Descriptions, Reviews, Etc.
Publisher Description:

From renowned translators Richard Pevear and Lindsay Volokhonsky comes a new translation-certain to become the definitive version-of the first great prison memoir, a fictionalized account of Fyodor Dostoevsky's life-changing penal servitude in Siberia.

Sentenced to death for advocating socialism in 1849, Dostoevsky served a commuted sentence of four years of hard labor. The account he wrote afterward (sometimes translated as The House of the Dead) is filled with vivid details of brutal punishments, shocking conditions, and the psychological effects of the loss of freedom and hope but also of the feuds and betrayals, the moments of comedy, and the acts of kindness he observed.

As a nobleman and a political prisoner, Dostoevsky was despised by most of his fellow convicts, and his first-person narrator-a nobleman who has killed his wife-experiences a similar struggle to adapt. He also undergoes a transformation over the course of his ordeal, as he discovers that even among the most debased criminals there are strong and beautiful souls. Notes from a Dead House reveals the prison as a tragedy both for the inmates and for Russia. It endures as a monumental meditation on freedom.
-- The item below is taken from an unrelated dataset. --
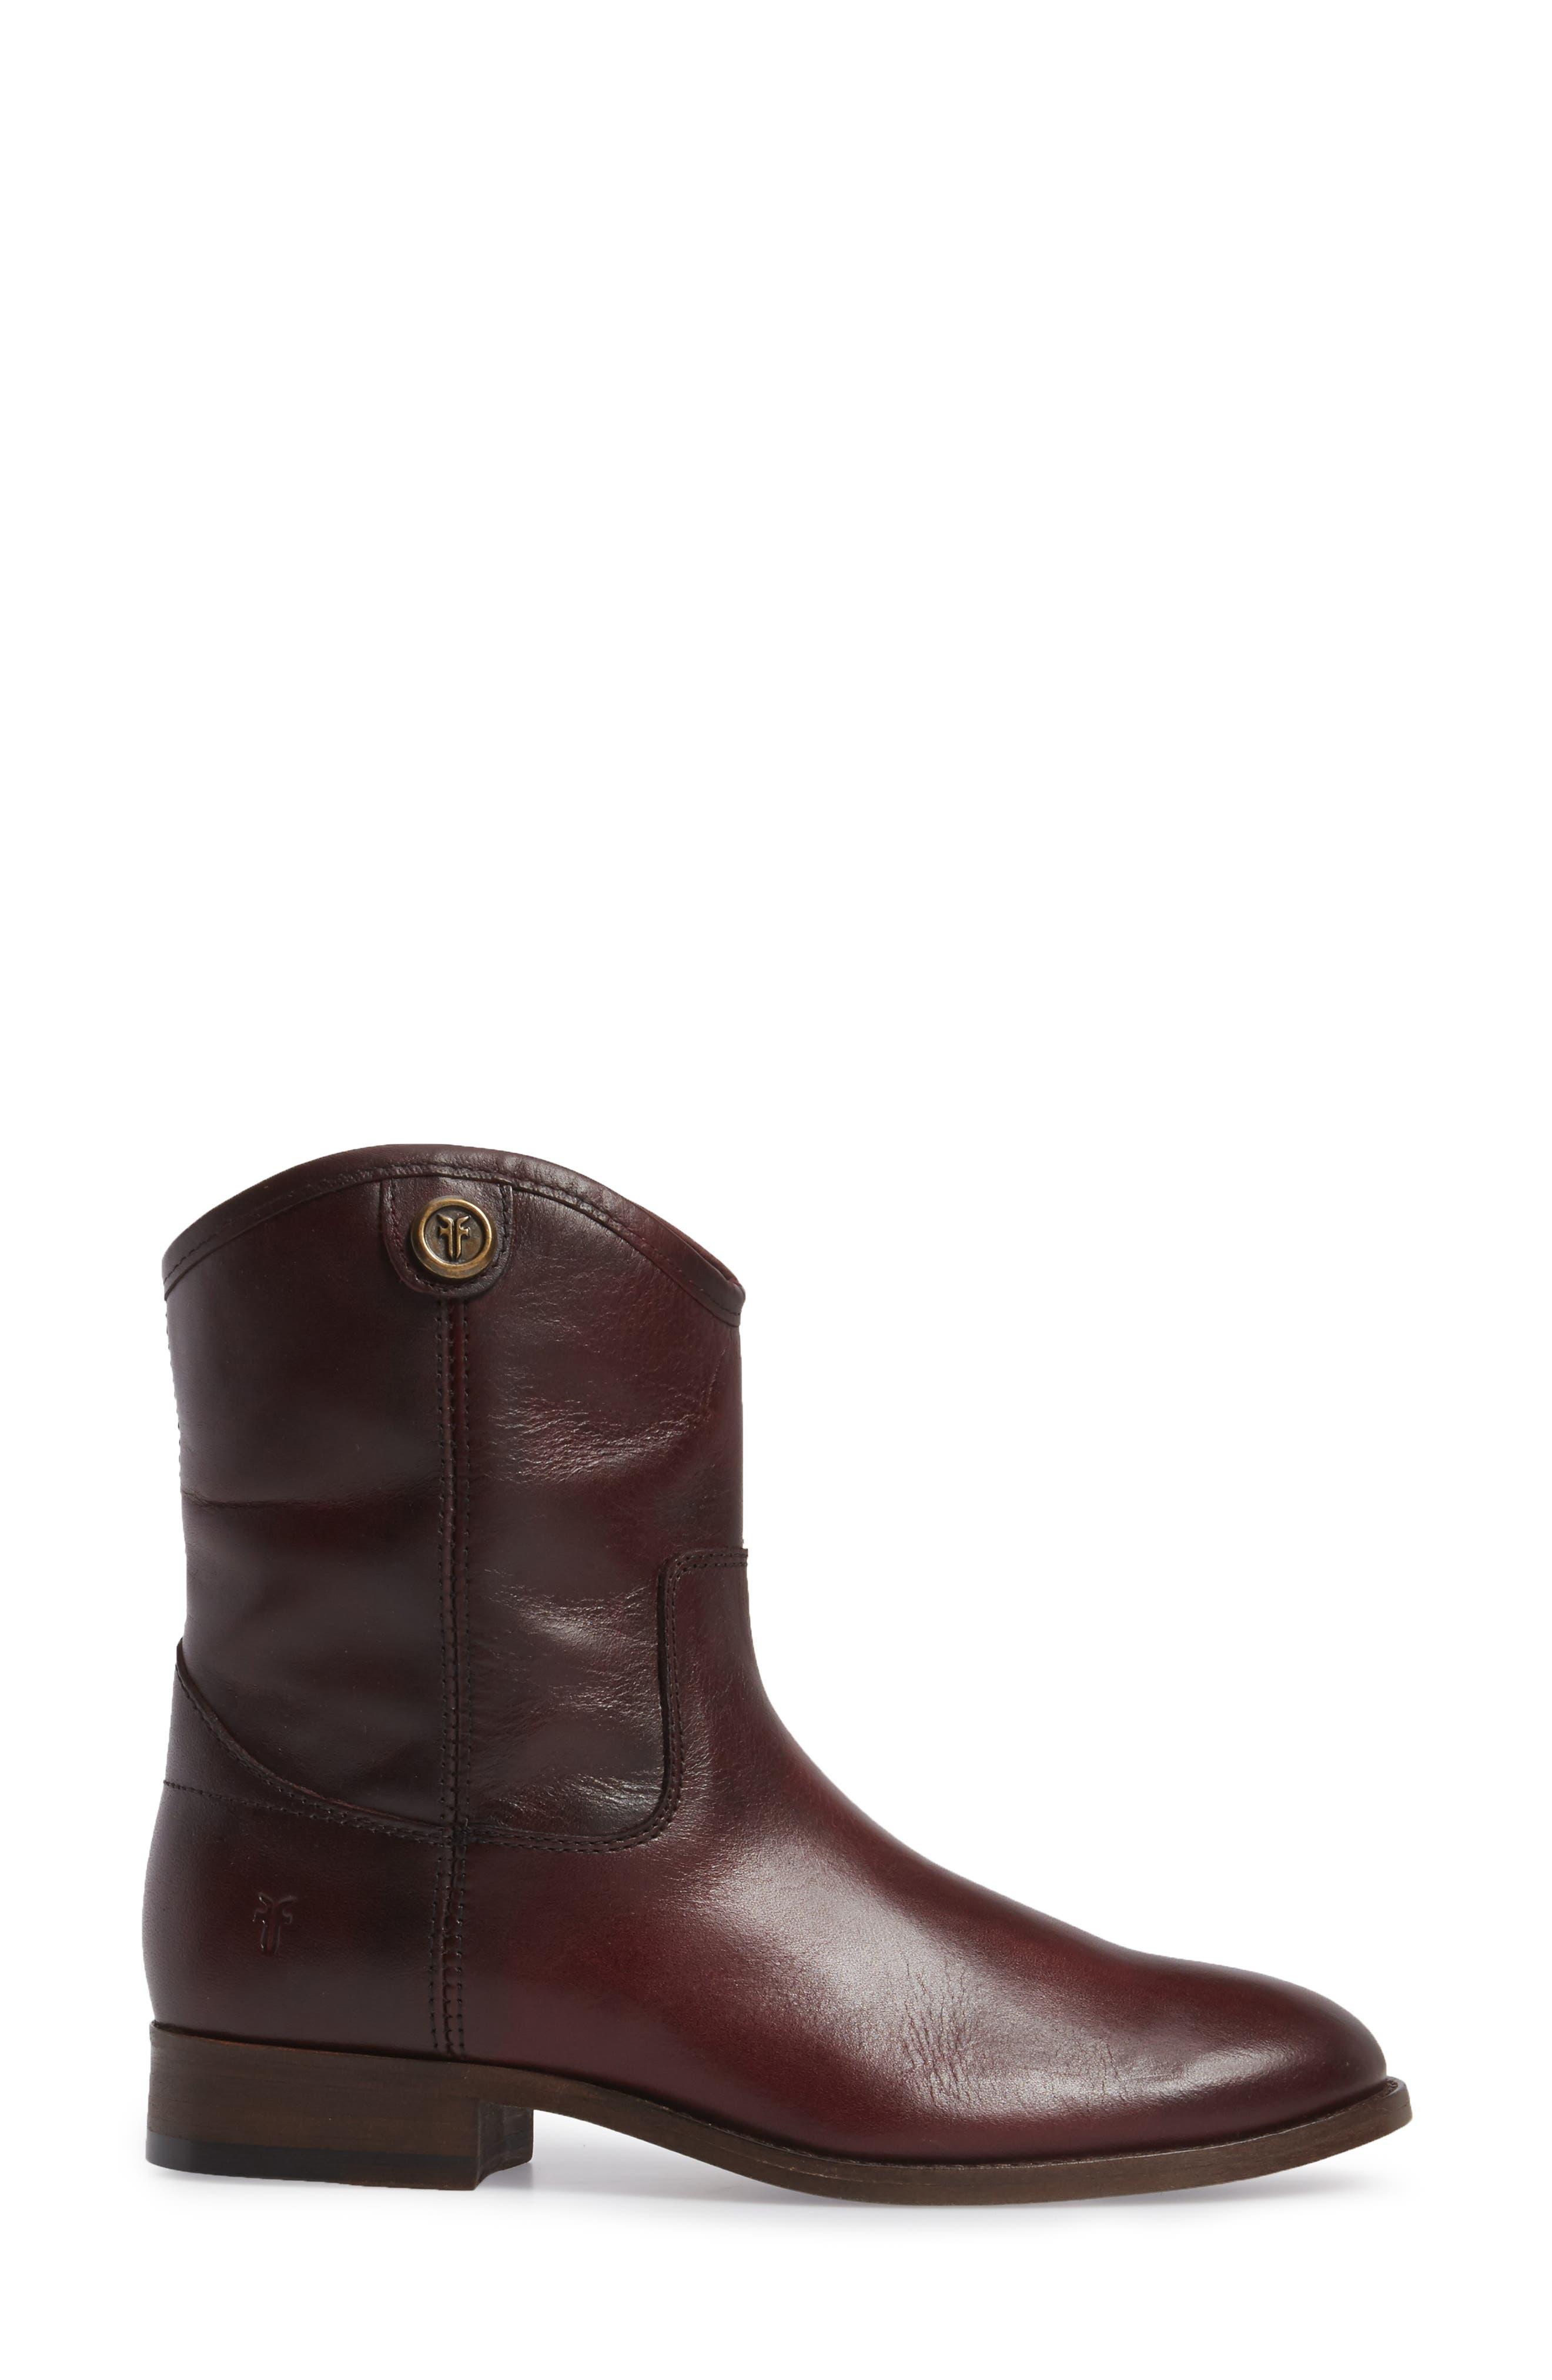 Melissa Short 2 Boot,                             Alternate thumbnail 3, color,                             Wine Leather

Contributor Bio(s): Dostoevsky, Fyodor: -

Fyodor Mikhailovich Dostoevsky (1821-1881) was a Russian novelist, journalist, and short-story writer whose psychological penetration into the darkest recesses of the human heart had a profound and universal influence on the twentieth-century novel. He was born in Moscow, the son of a surgeon. Leaving the study of engineering for literature, he published Poor Folk in 1846. As a member of revolutionary circles in St. Petersburg, he was condemned to death in 1849. A last-minute reprieve sent him to Siberia for hard labor. Returning to St. Petersburg in 1859, he worked as a journalist and completed his masterpiece, Crime and Punishment, as well as other works, including The Idiot and The Brothers Karamazov.

Pevear, Richard: -

Richard Pevear and Larissa Volokhonsky have together translated works by Dostoevsky, Tolstoy, Chekhov, Gogol, Bulgakov, Leskov, and Pasternak. They were twice awarded the PEN/Book-of-the-Month Club Translation Prize (for Dostoevsky's The Brothers Karamazov and Tolstoy's Anna Karenina), and their translation of Dostoevsky's Demons was one of three nominees for the same prize. They are married and live in France.

Rudnicki, Stefan: -

Stefan Rudnicki first became involved with audiobooks in 1994. Now a Grammy-winning audiobook producer, he has worked on more than three thousand audiobooks as a narrator, writer, producer, or director. He has narrated more than three hundred audiobooks. A recipient of multiple AudioFile Earphones Awards, he was presented the coveted Audie Award for solo narration in 2005, 2007, and 2014, and was named one of AudioFile's Golden Voices in 2012.

Volokhonsky, Larissa: - Larissa Volokhonsky was born in Leningrad. She has translated works by the prominent Orthodox theologians Alexander Schmemann and John Meyendorff into Russian.